:: Available records ::
Start of Block

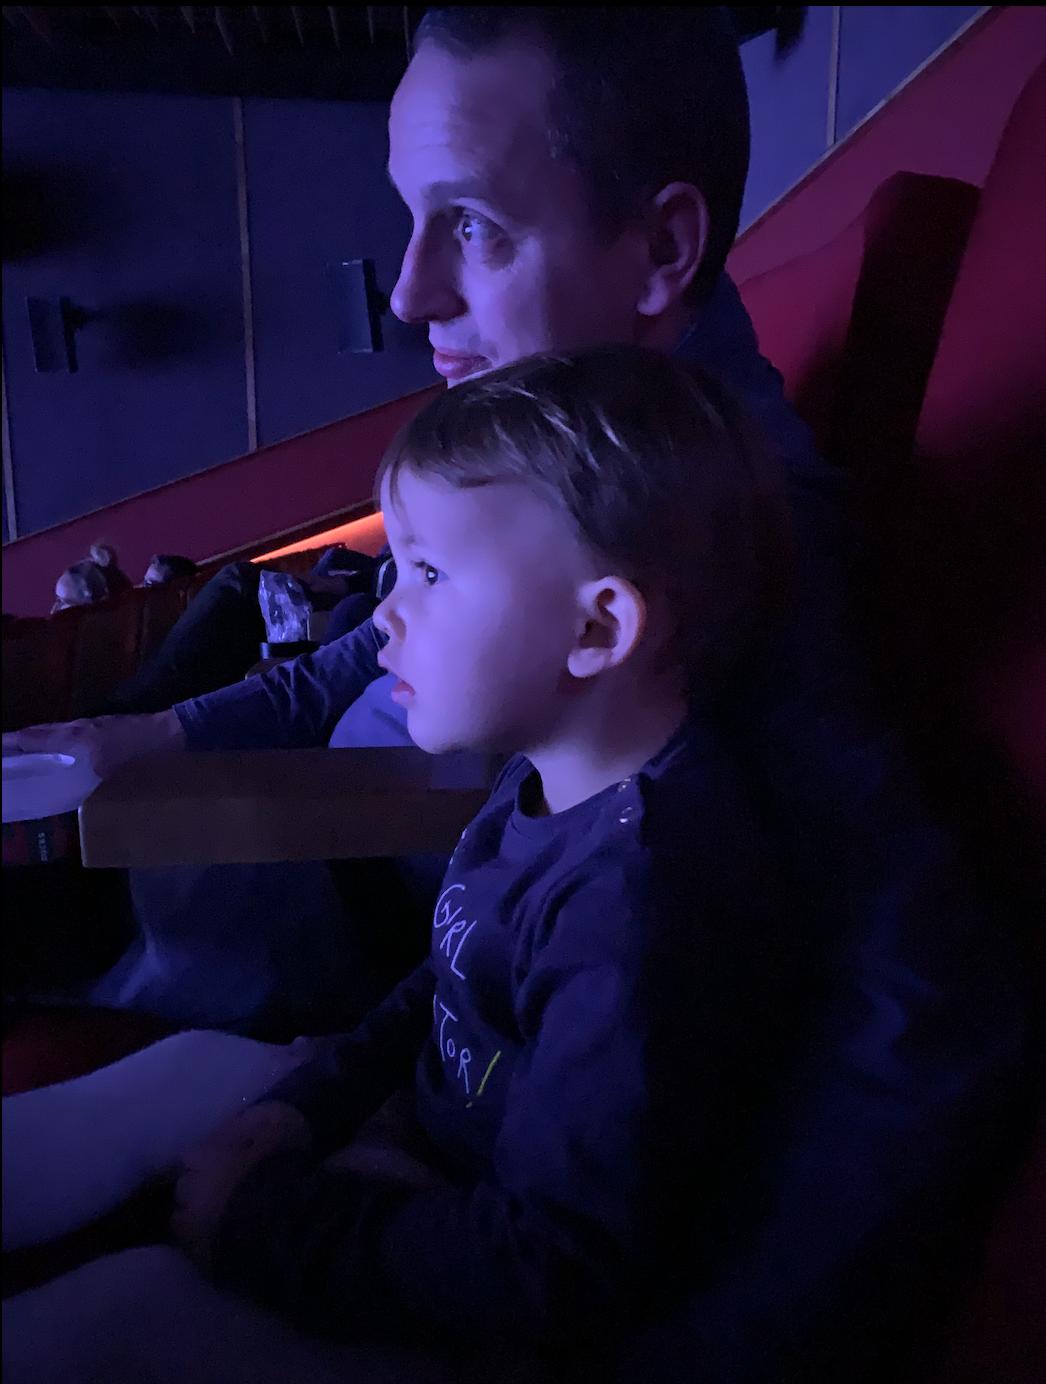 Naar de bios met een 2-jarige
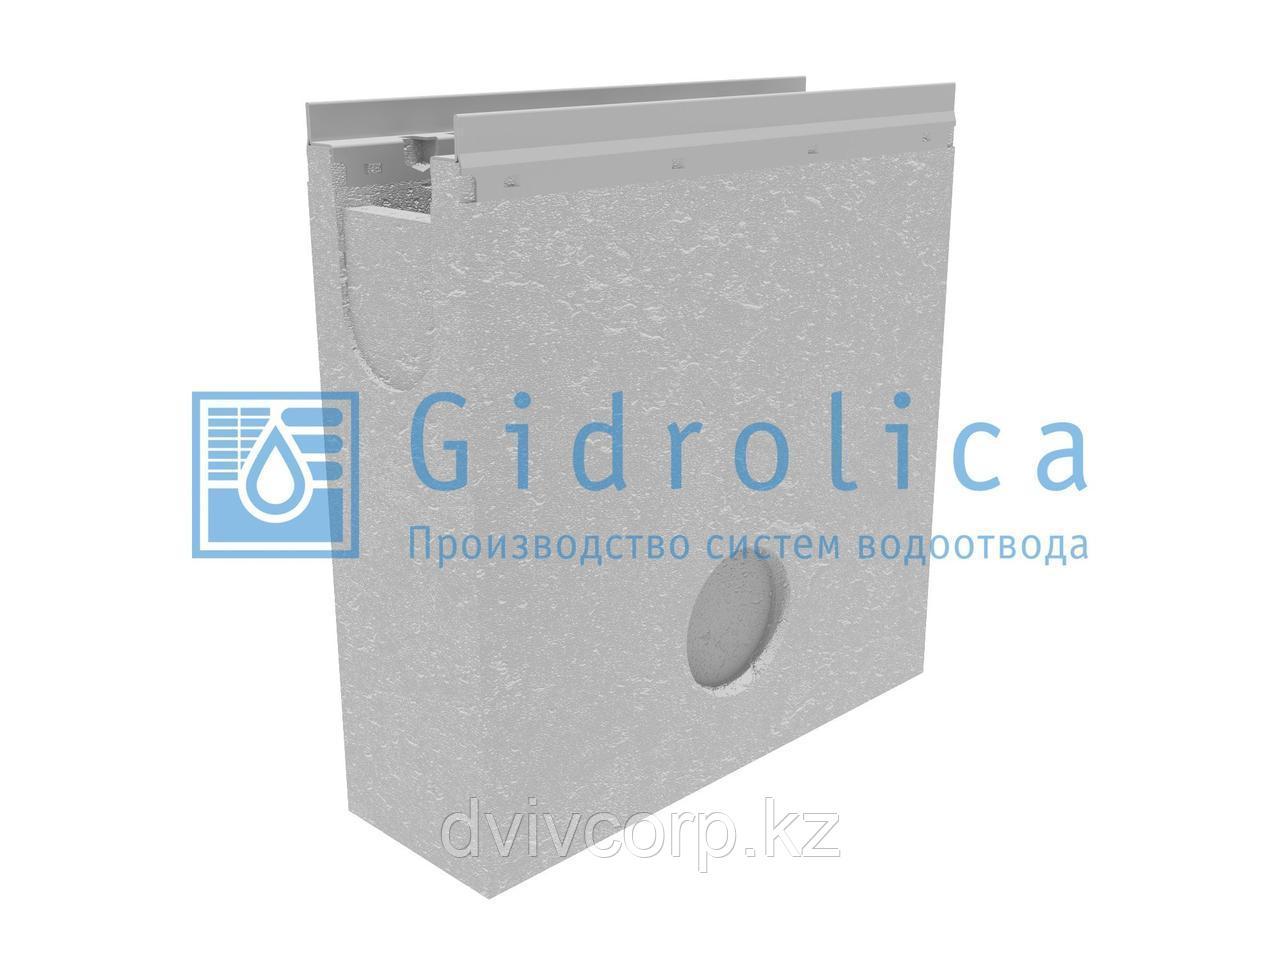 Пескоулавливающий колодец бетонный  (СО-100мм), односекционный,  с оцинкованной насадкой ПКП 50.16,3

End of Block
Start of Block

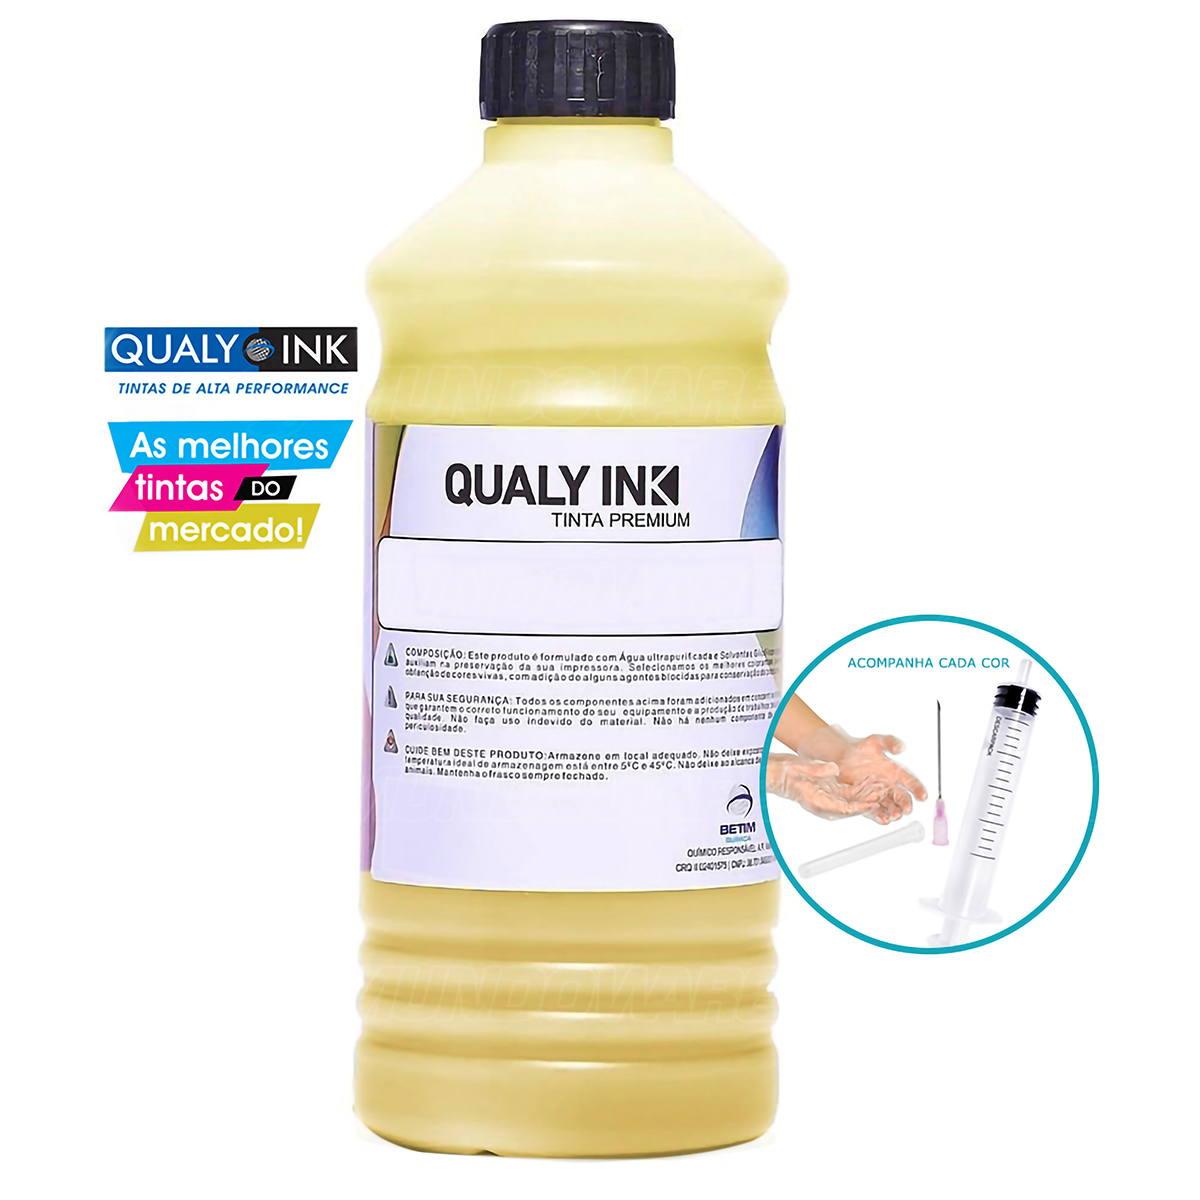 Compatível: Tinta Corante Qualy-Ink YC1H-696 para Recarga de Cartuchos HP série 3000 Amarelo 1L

End of Block
Start of Block

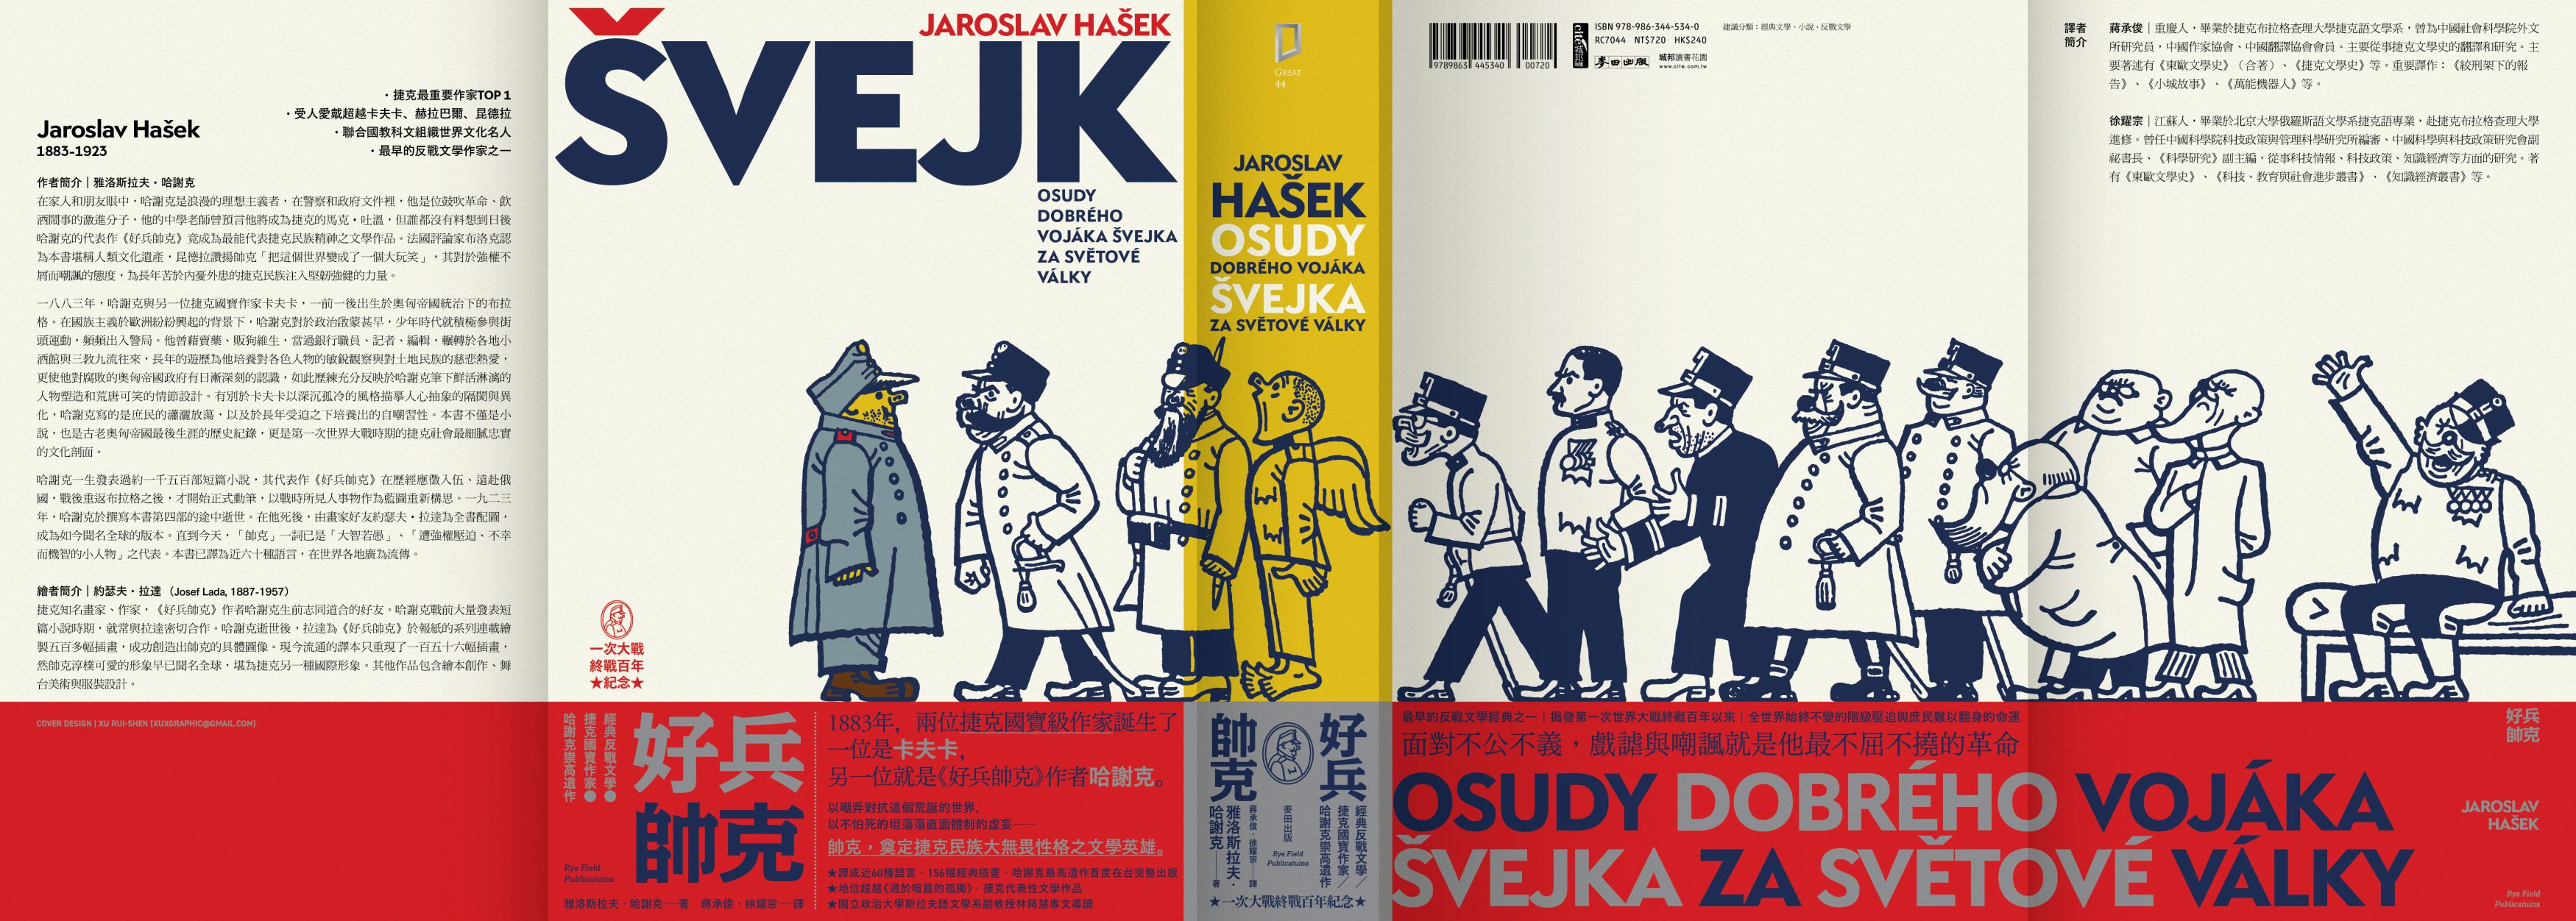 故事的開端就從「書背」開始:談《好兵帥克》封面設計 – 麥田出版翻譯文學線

End of Block

:: How to complete this task ::
Set the pictures aside and reproduce exactly the lines above, from the line holding "Naar de bios met een 2-jarige" through the line holding "Пескоулавливающий колодец бетонный", both included, with nothing else.

:: Exercise answer ::
 Naar de bios met een 2-jarige
 Пескоулавливающий колодец бетонный  (СО-100мм), односекционный,  с оцинкованной насадкой ПКП 50.16,3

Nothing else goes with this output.